Мутанты. Время собирать камни.

22
18
20
22
24
26
28
30

— А если товарищ полковник будет недоволен? — замялся прапорщик. — Видимо, он хотел поморозить узбека в холодильнике ещё одну ночь.

— Не переживай, с полковником я договорюсь, — сказала начальник санчасти и по губам её пробежала злорадная усмешка. — А Шаман пусть научит наглеца хорошим манерам, чтобы тот знал, как вести себя с женщиной. Оскорблять себя, я никому не позволю.

— Слушаюсь, — приложив ладонь к козырьку фуражки, сказал прапорщик. — Разрешите выполнять?

Екатерина Александровна молча кивнула головой и вышла из «дежурки». Покинув помещение штрафного изолятора, она быстрым шагом направилась в свой кабинет, закрылась на ключ, достала из шкафа бутылку с коньяком и фужер, наполнила его до краёв жгучей жидкостью, махом опрокинула содержимое фужера в рот, тут же налила ещё один. Оскорблённое самолюбие властной женщины взывало к действию. Ещё ни разу в жизни она не была отвергнута мужчиной. Наоборот, она, пресытившись очередным любовником, выбрасывала того без всякого сожаления, как использованный презерватив.

— Ничего, голубчик, никуда ты от меня не денешься, я же видела, что ты тоже хочешь меня, — усмехнулась Екатерина Александровна, опускаясь в уютное кожаное кресло. — Гонор с тебя немного собьют, и тогда ты сам приползёшь ко мне на коленях, и будешь просить прощение.

…Остановившись возле камеры, прапорщик нарочито долго перебирал связку ключей, словно искал, и никак не мог найти нужный. Наконец, вставив ключ в замок, прапорщик потянул дверь на себя.

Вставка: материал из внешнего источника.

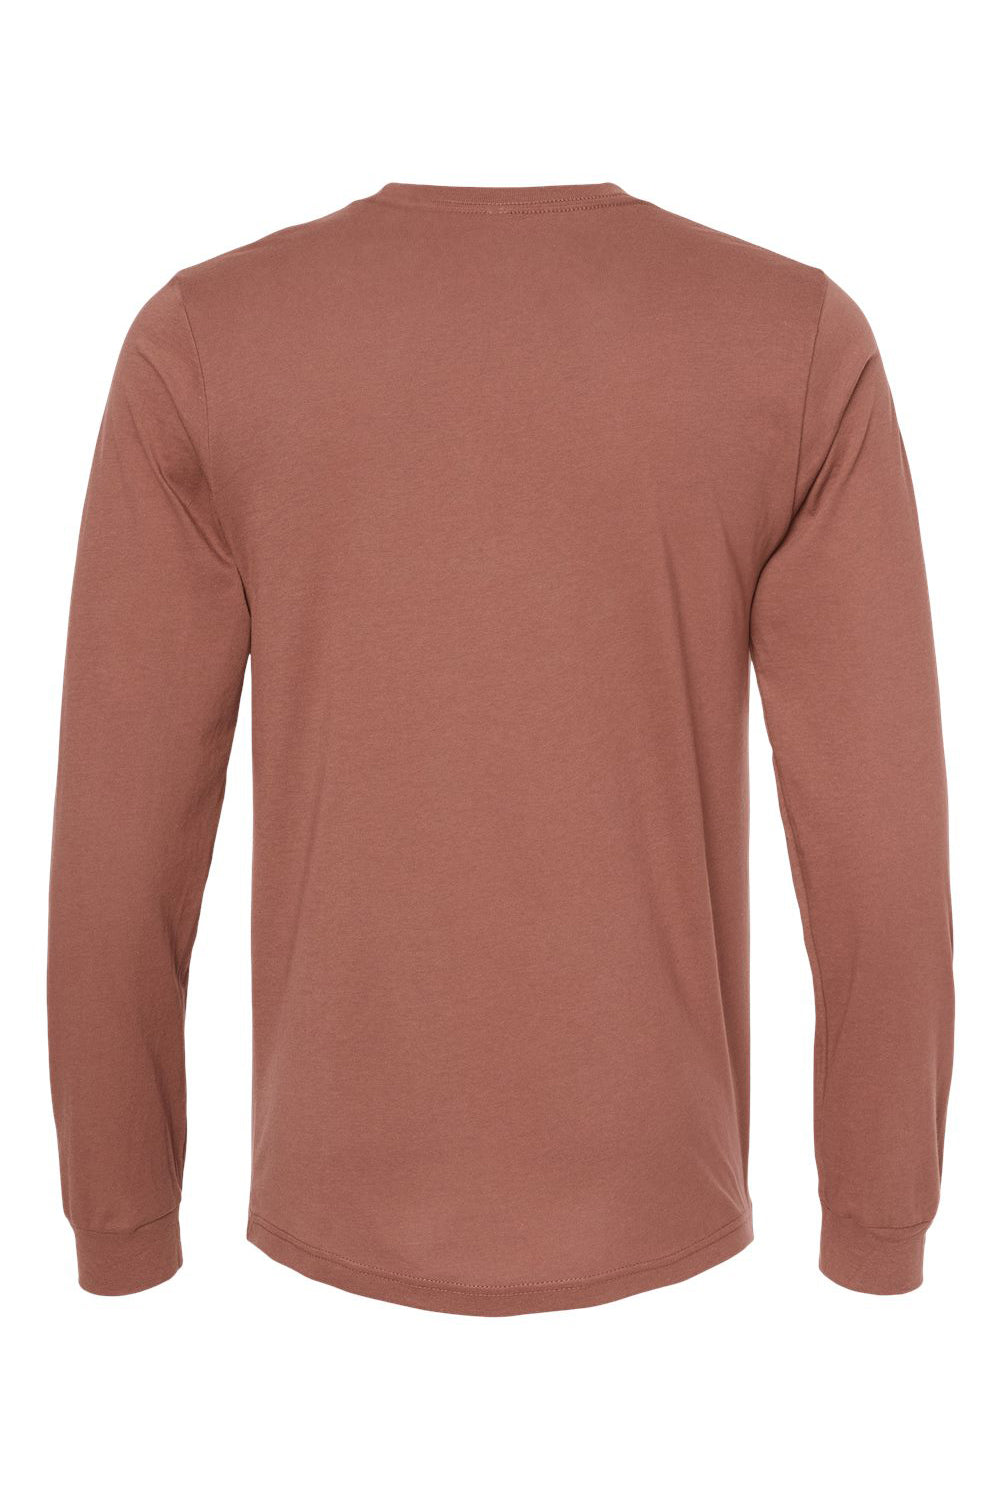 Bella + Canvas BC3501/3501 Mens Jersey Long Sleeve Crewneck T-Shirt Chestnut Brown Flat Back

Звякнув металлическими запорами, та распахнулась.

— Принимайте нового постояльца в свою компанию, — сказал прапорщик и посторонился, впуская Руфата в камеру.

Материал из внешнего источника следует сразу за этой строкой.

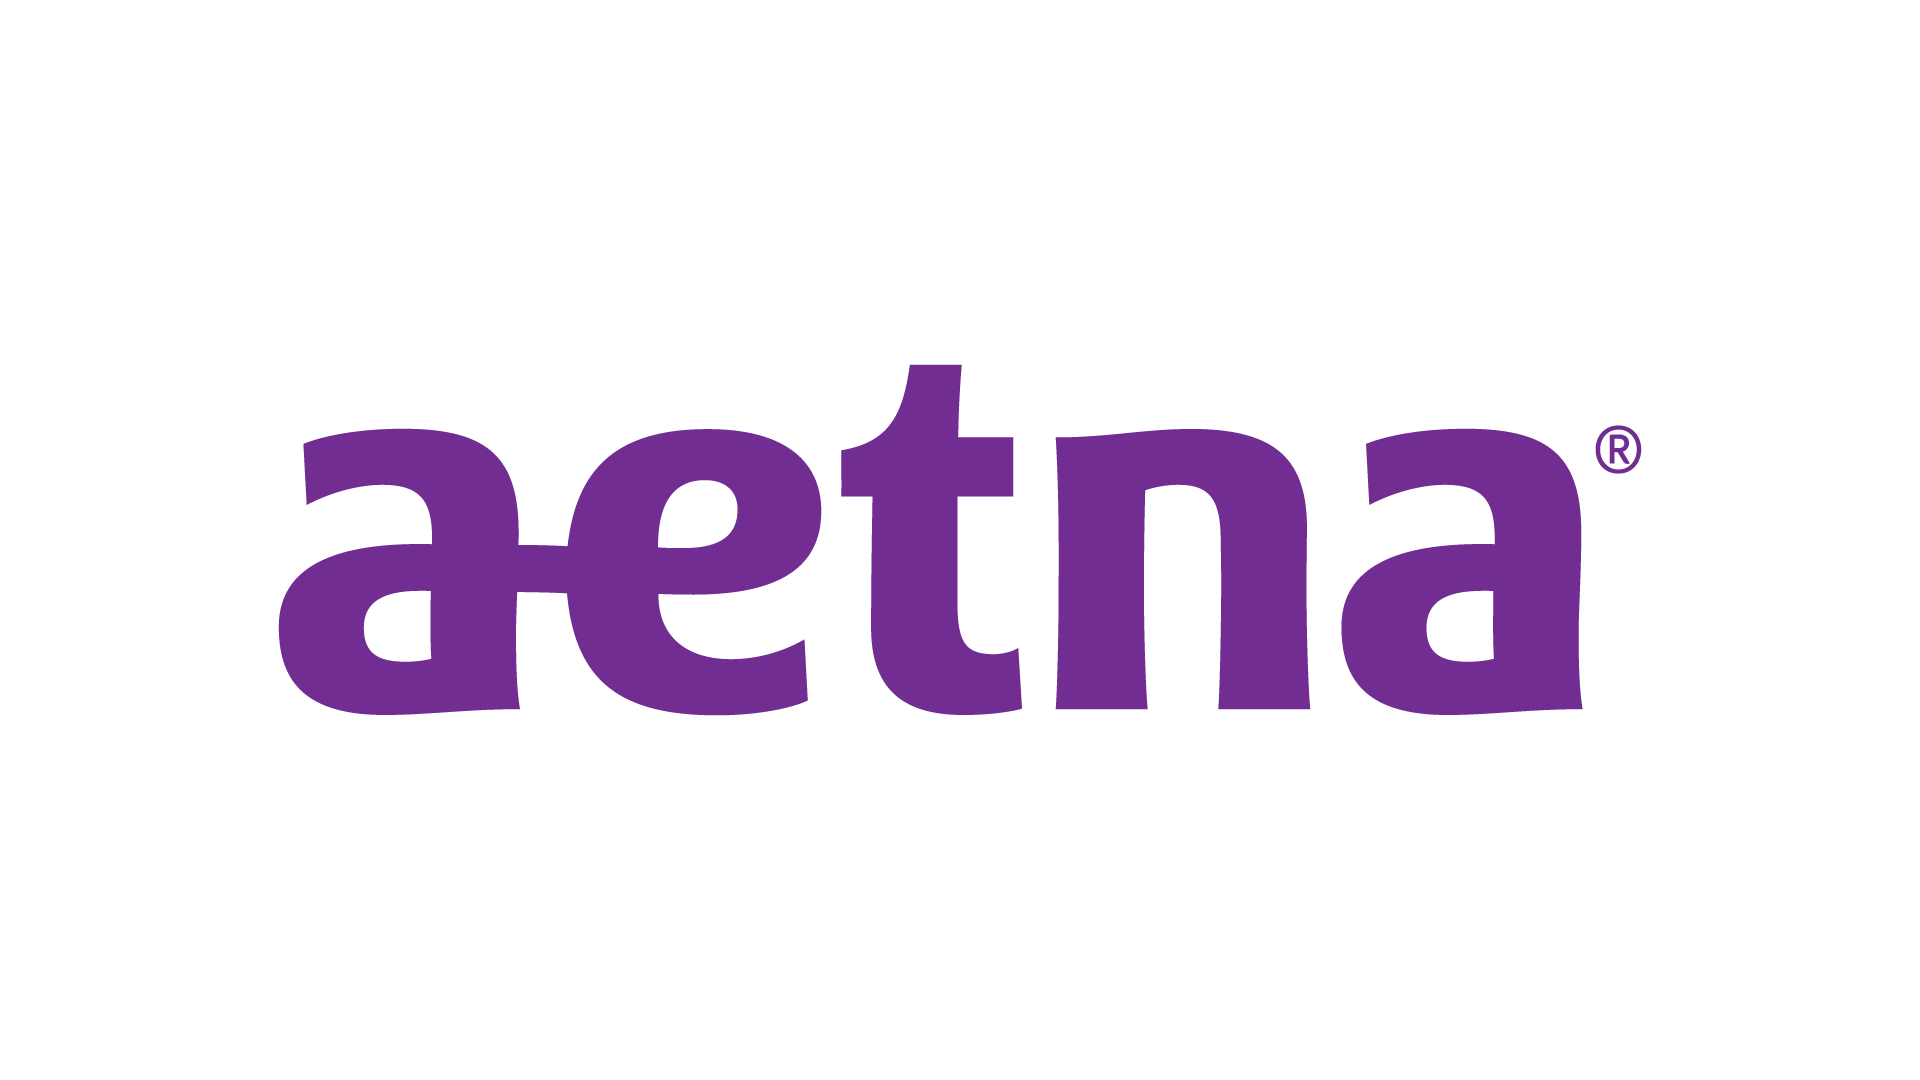 Aetna-logo

— Тут и так воздуха не хватает, шестеро нас! — все, как один, возмутились в камере. — Куда же ещё седьмого!?

— Ничего, вам же теплее будет, — засмеялся прапорщик и, выходя из камеры, захлопнул за собой дверь.

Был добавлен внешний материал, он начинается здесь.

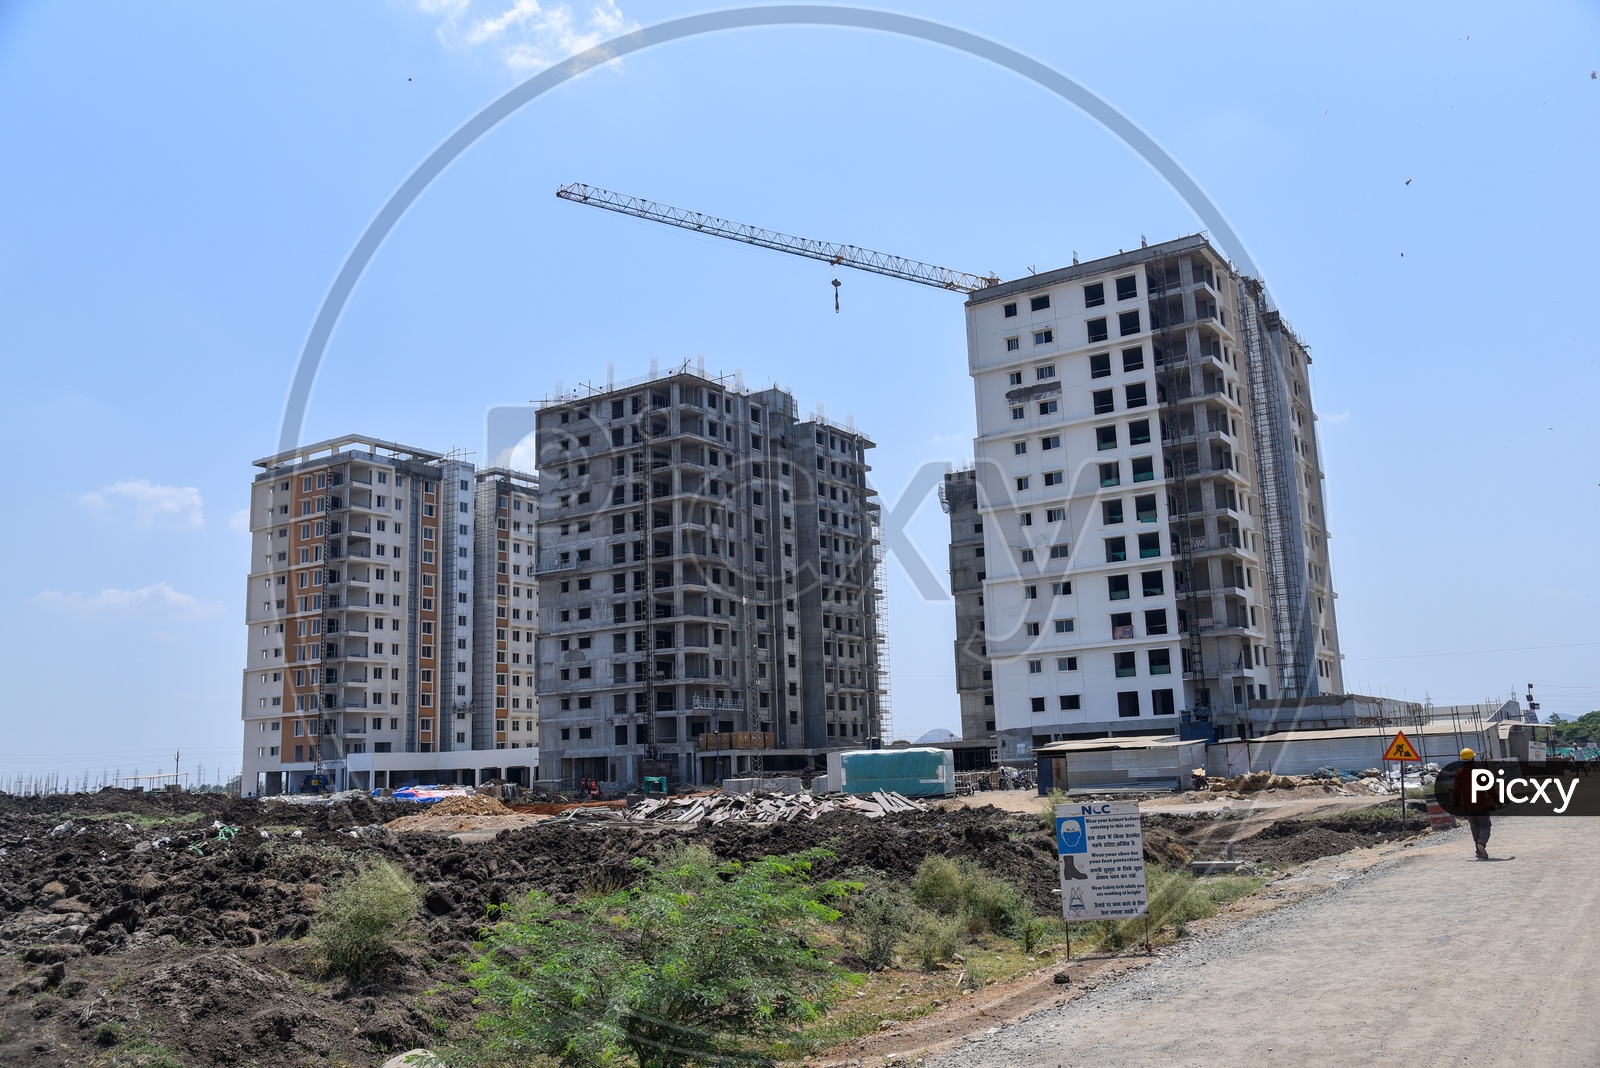 Construction of AIS Housing Project in Amaravati

— Ну, ты посмотри, что делают, суки! Половина трюмов свободна, а они уплотняют! Мало того, что закупорили нас, как сельдь в банку, так они ещё и издеваются!

Камера, куда перевели Руфата, была размером раза в три больше «боксика», в котором он провёл сутки, и выгодно отличалась от него. Здесь был не бетонный, а деревянный пол, на ночь заключённым выдавались лежаки, за невысоким бетонным барьером, туалет — забетонированная в полу клозетная чаша и в камере было тепло.

Осмотревшись, Руфат нашёл взглядом свободное место, молча опустился на корточки и, прислонившись спиной к стене, закрыл глаза. После всего пережитого, хотелось забыться и отдохнуть. Вскоре страсти вокруг уплотнения жилплощади улеглись, и всё внимание обитателей камеры переключилось на новичка.

— Ты, кто по жизни, будешь? — обратился к Руфату с вопросом один из обитателей камеры, совсем ещё молодой, но крепкого спортивного телосложения парень, с явно выраженной, кавказской внешностью. — Какой масти?

Открыв глаза и взглянув на парня исподлобья, Руфат промолчал. Решил, что ниже его достоинства, вступать в полемику с молодым — в камере были люди и постарше.

— Ты не молчи, ботало-то, открой. Или тебе западло разговаривать с нами?

— Тебе чего надо? — нахмурившись, спросил Руфат и встал.

— Когда тебя спрашивают, надо отвечать, — сказал парень и подошёл поближе.

— Много чести будет для тебя, сопляк, — усмехнулся Руфат.

— Ни хрена себе! Это же рамс! Какое-то чмо будет здесь зехера выкидывать!? — с растерянным видом завопил парень и оглянулся на сокамерников, явно надеясь на поддержку. — Надо его на парашу посадить!

— Ну, так посади, — с безразличным видом сказал один из сокамерников. Остальные, с ухмылками, наблюдали за развитием событий.